Start of Block

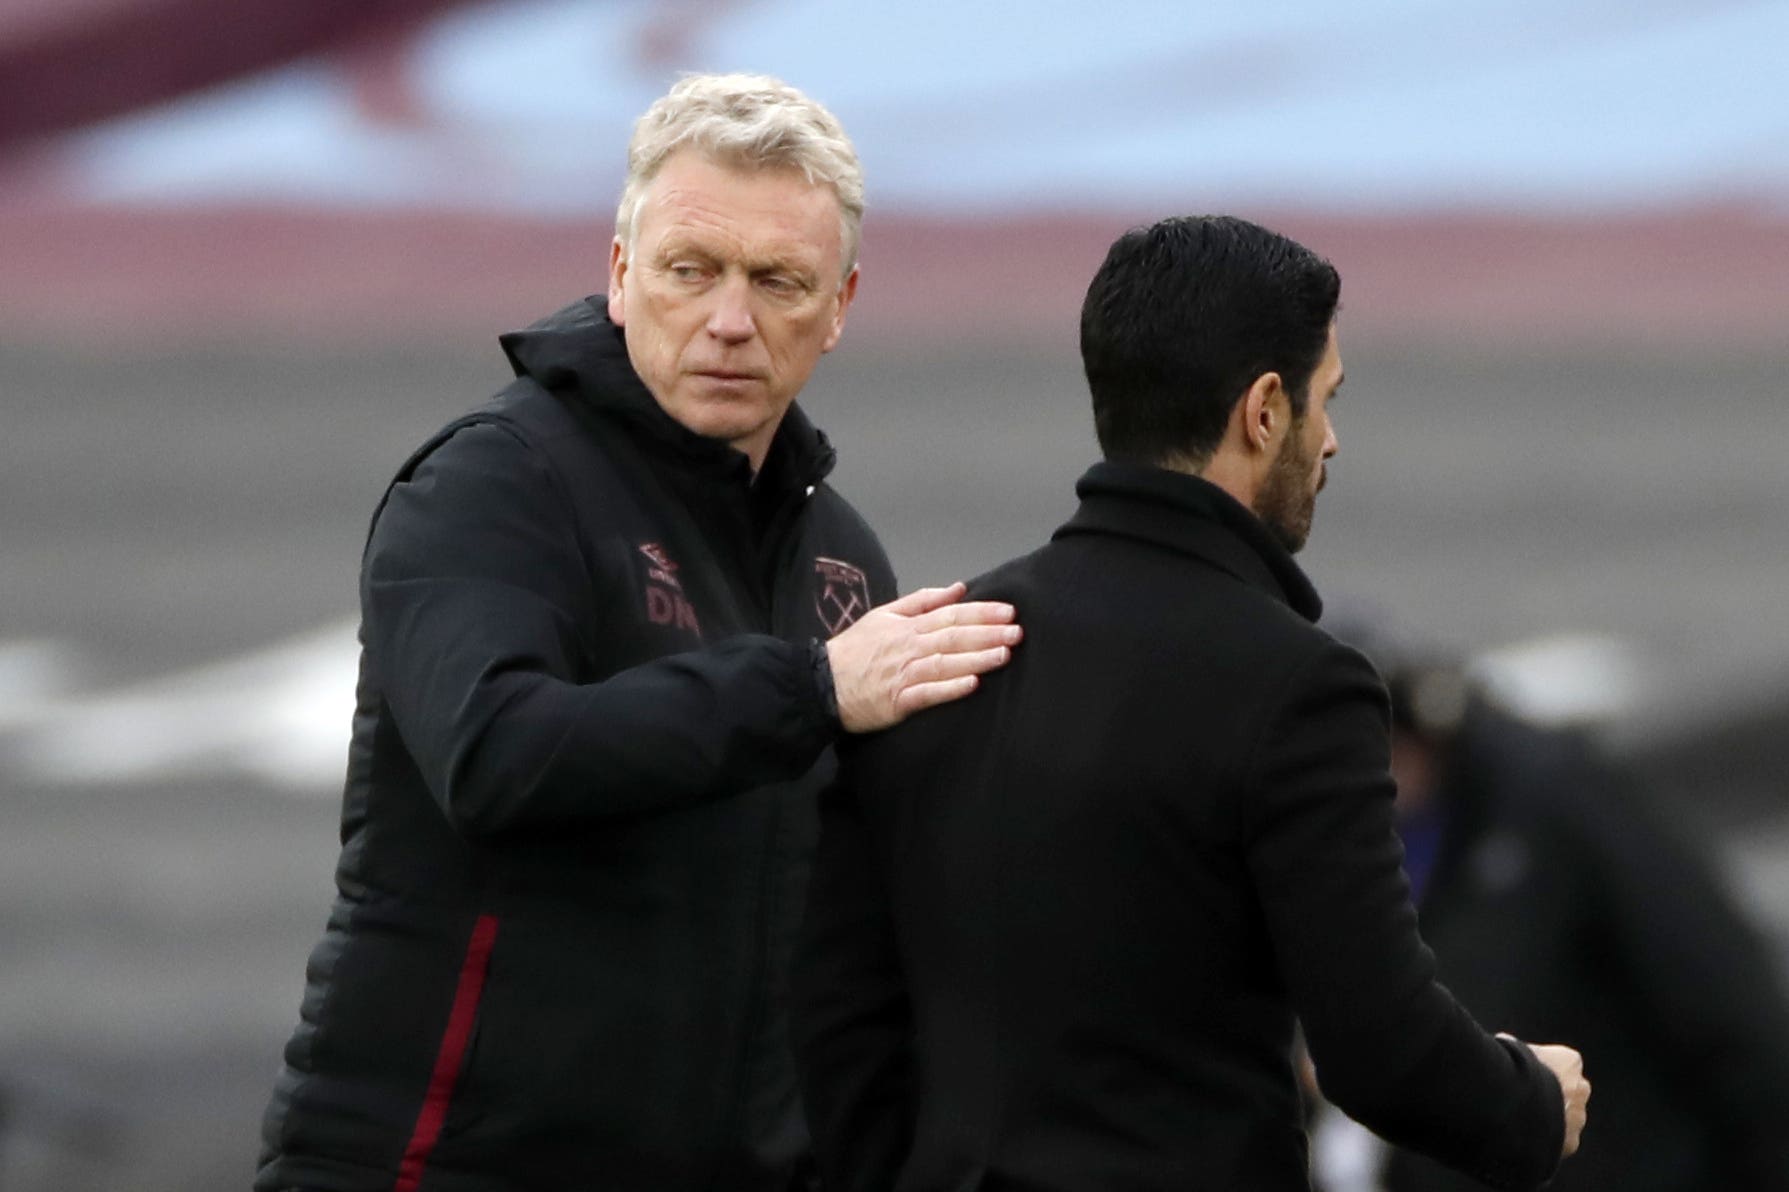 Mikel Arteta (right) says he has learned a lot from his former boss at Everton, David Moyes (Paul Childs/PA)
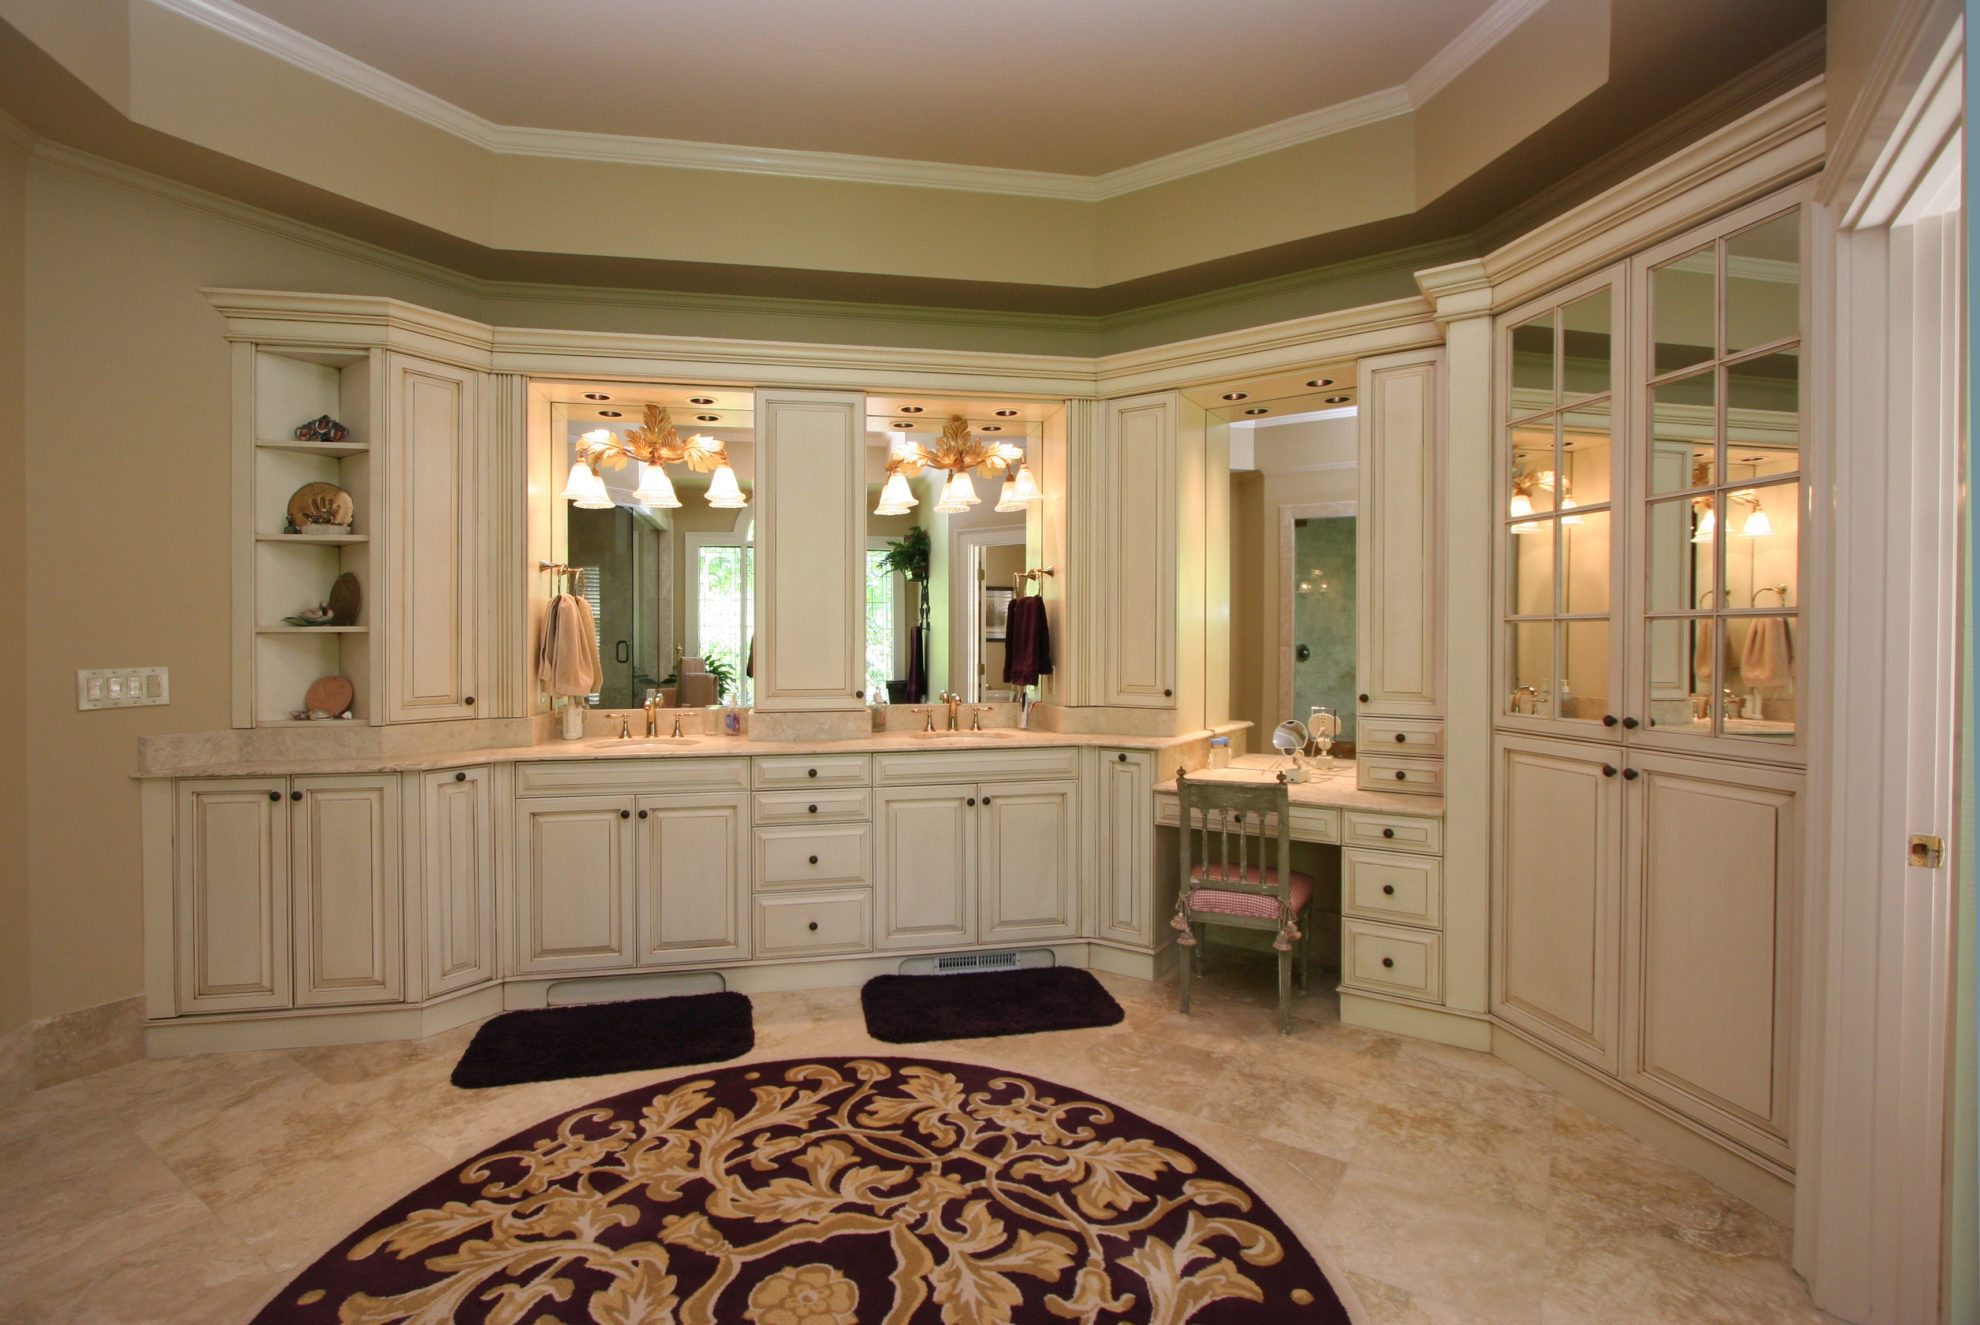 A Fancy White Bathroom With Makeup Vanity
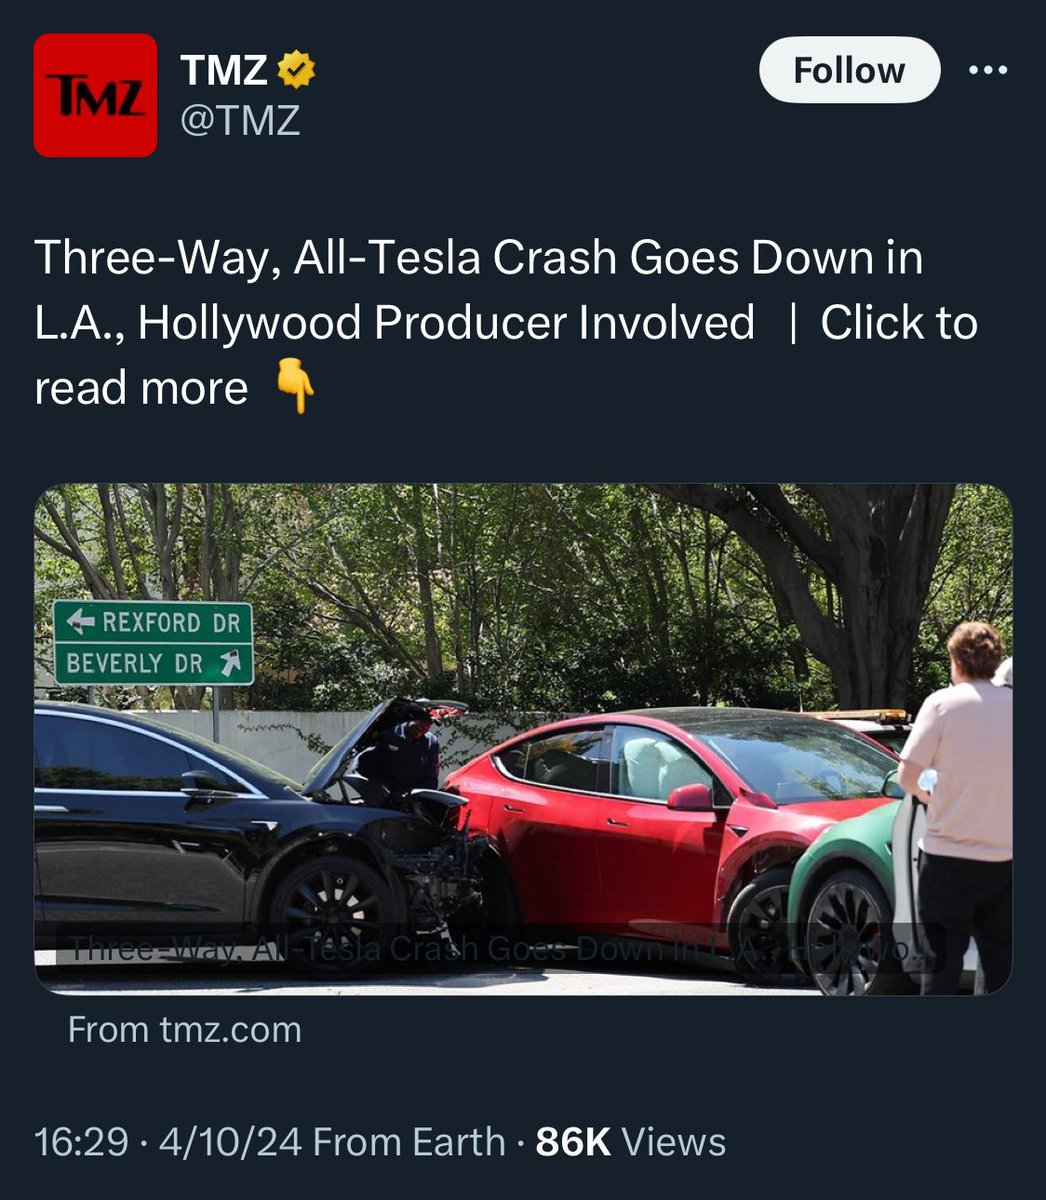 What are the odds of three Teslas crashing into each other again? Pretty, pretty good considering who buys Teslas and how accident prone these vehicles are…expect to hear of more $TSLA crashes as more take Musk up on his free trial offer for perpetually defective FSD Beta 😂

End of Block

▶ [Task item] Restate the full listing word for word, excluding images.

▶ [Answer to the problem]
 Mikel Arteta (right) says he has learned a lot from his former boss at Everton, David Moyes (Paul Childs/PA)
 A Fancy White Bathroom With Makeup Vanity
 What are the odds of three Teslas crashing into each other again? Pretty, pretty good considering who buys Teslas and how accident prone these vehicles are…expect to hear of more $TSLA crashes as more take Musk up on his free trial offer for perpetually defective FSD Beta 😂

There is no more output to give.